Peter shook his head, and had to work for a few seconds to suppress his grin. His face was grave as he stood to face Jamie on the top bunk, and held his bleeding arm up. "I can let my blood fall on you, and there'd be no danger to me."
"This is all pretty silly."
"I threw off H722N241. I was up and around in two days. It worked." Jamie's eyes met his for several long seconds. Confusion, amusement, contempt…and hope? "You sure don't have much to lose," Peter said.
Jamie pulled himself up to a half sitting position. He put the back of his right forearm to his mouth and bit hard, pulling back at the skin to tear it. Peter winced; that had to hurt—not that Jamie could be a stranger to pain.
Without any further words Peter held his arm over Jamie's and squeezed his wound. A large drop of blood hung suspended for a moment and dropped, hitting Jamie's ragged wound dead-on. Carefully, almost reverently, Jamie rubbed Peter's blood into his wound with the ball of his thumb.
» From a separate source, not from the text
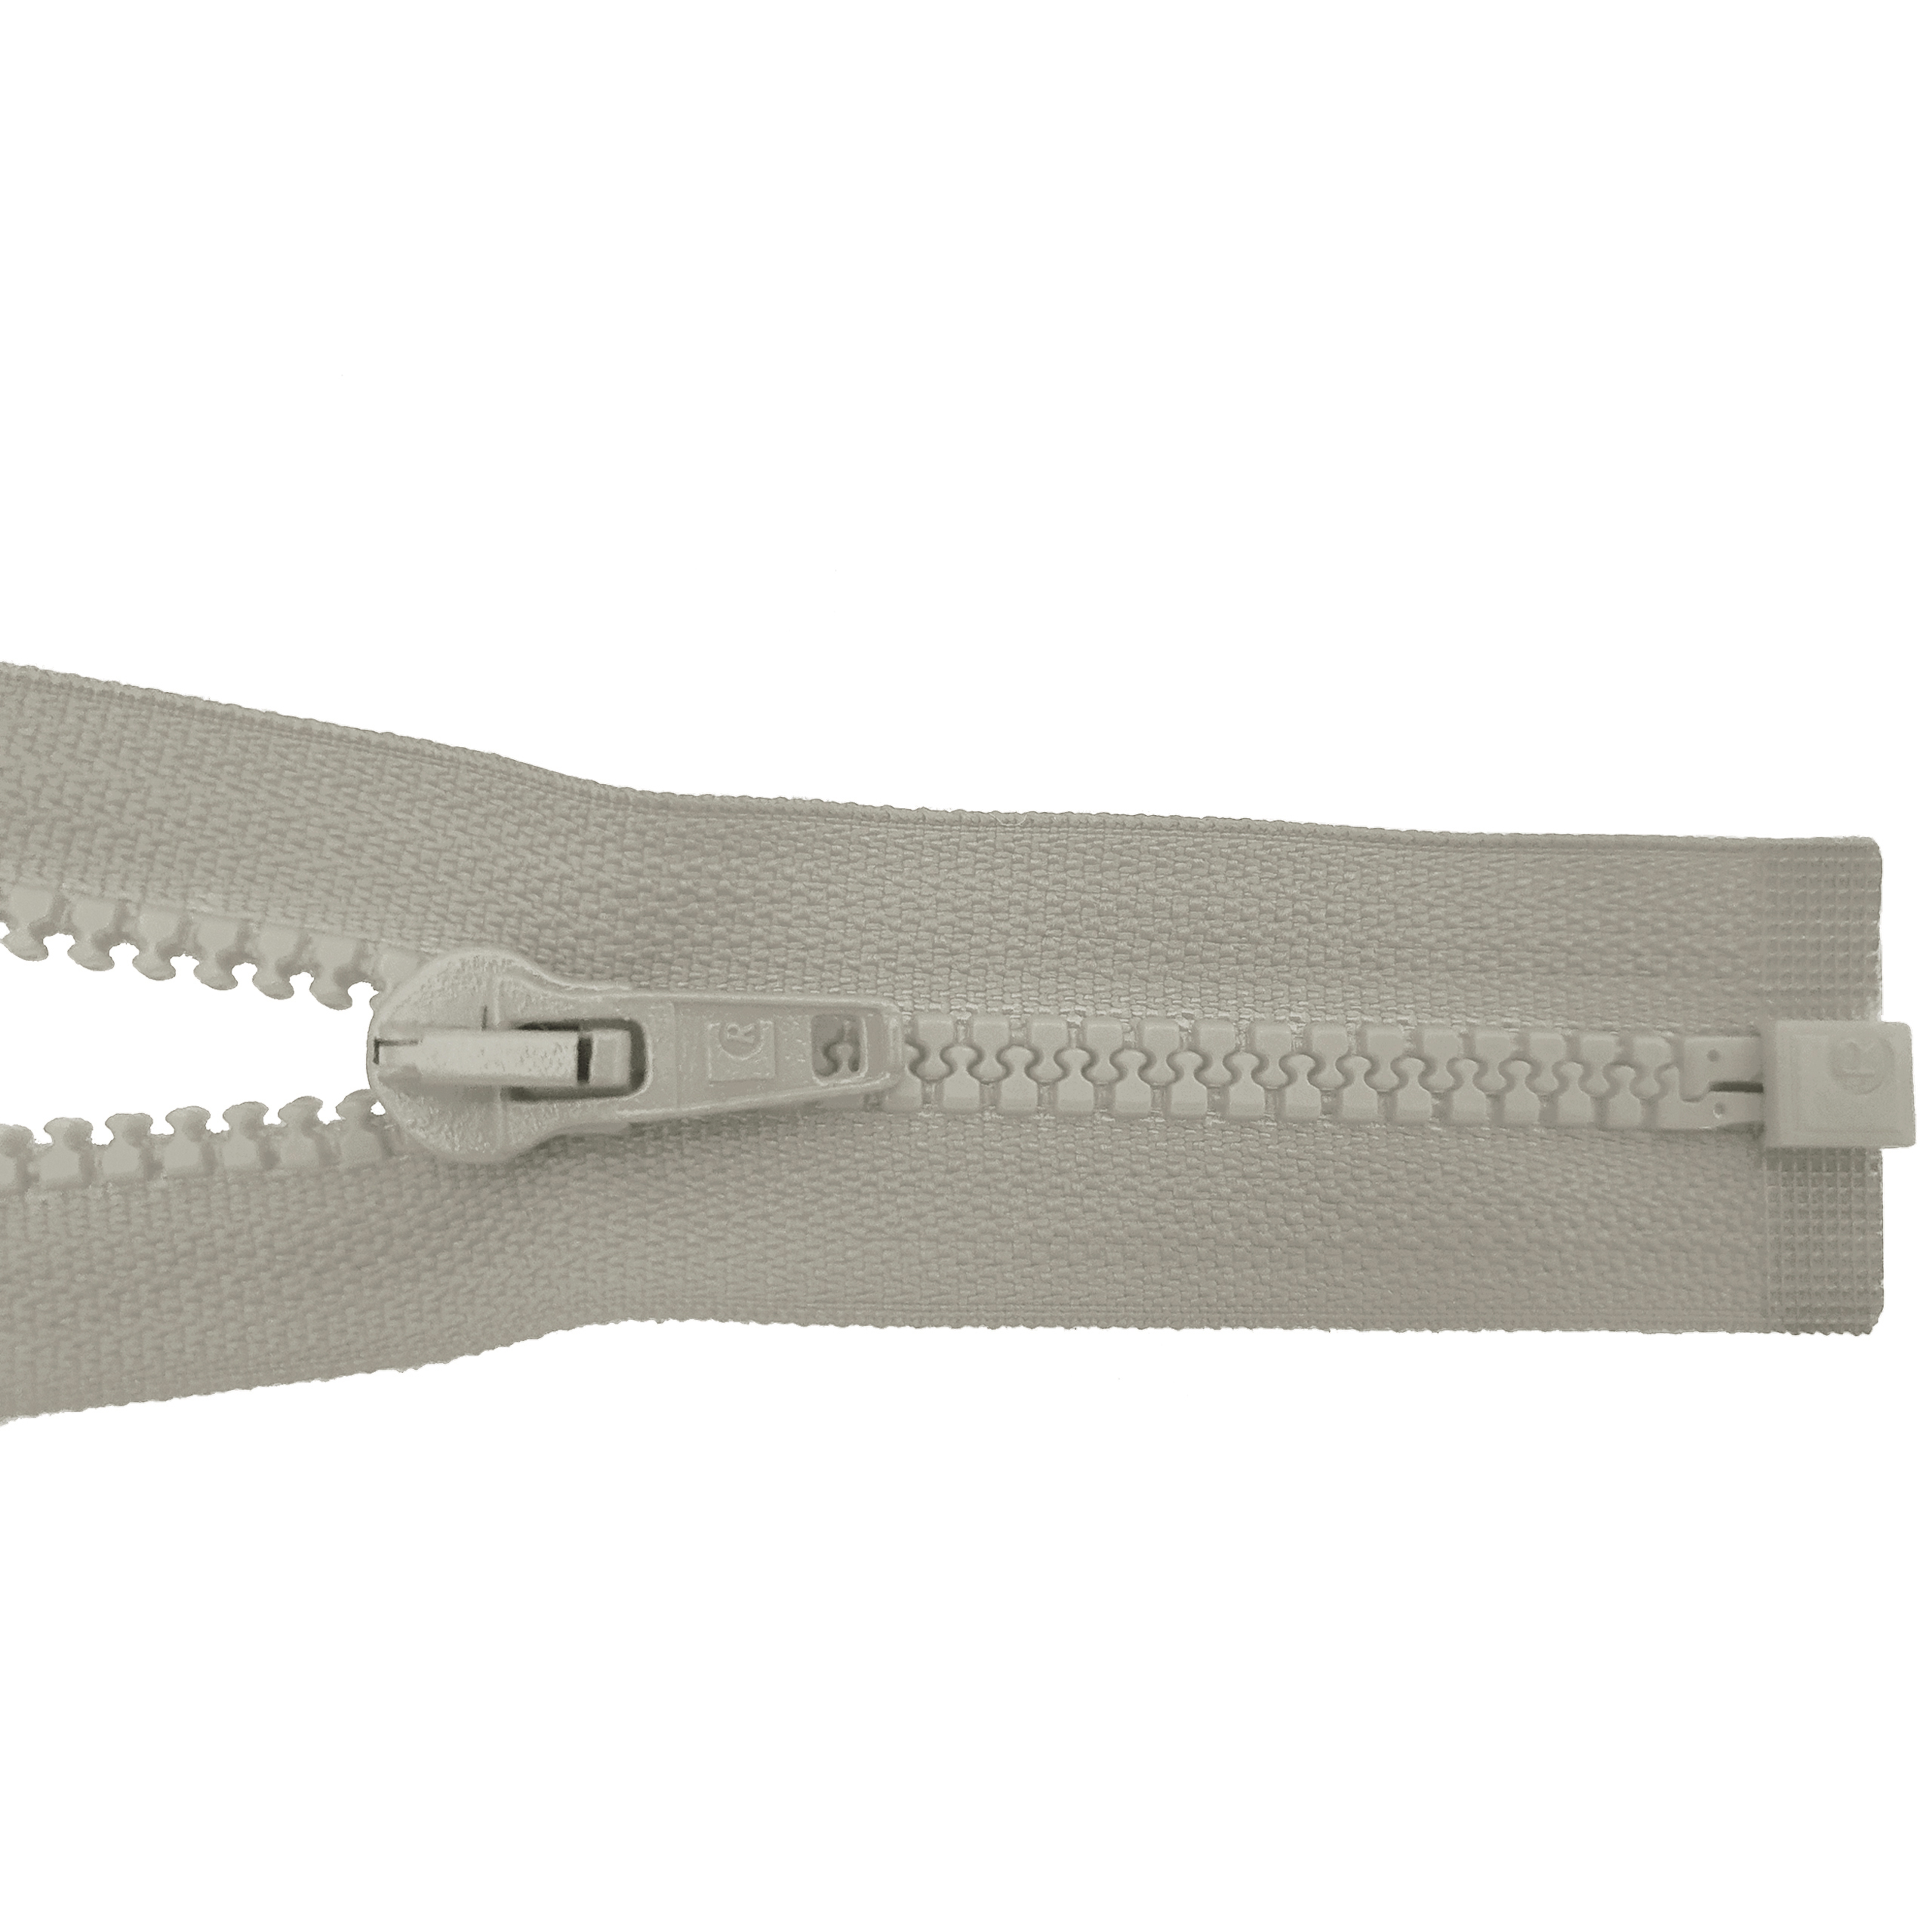 Reißverschluss 80cm, teilbar, Kstoff Zähne breit, beige-grau, hochwertiger Marken-Reißverschluss von Rubi/Barcelona

He looked up. "Now what do I do?"
"Now you're a warrior. Sleep. That's all you can do. Maybe you'll hear my uncle's spirit speak to you."
"Did he ever speak to you?"
Peter paused and considered. "I think he did, once. I don't know Navaho so it's hard to tell whether he was talking Indian or English, but what he said sounded a little like, 'Kick ass. Just don't miss.'"
Jamie laughed, letting himself back down to his pillow. "You are such a bullshitter."
Peter sat back on his own cot. "It's hard advice to follow. Trust me."
"Peter...um, thanks. I haven't laughed this much in months."
"Laughing is good."
"It is. Thanks."
I am impressed, the Sangruse Device told him, even though there are no aboriginal Americans anywhere in your family. You should write stone dramas.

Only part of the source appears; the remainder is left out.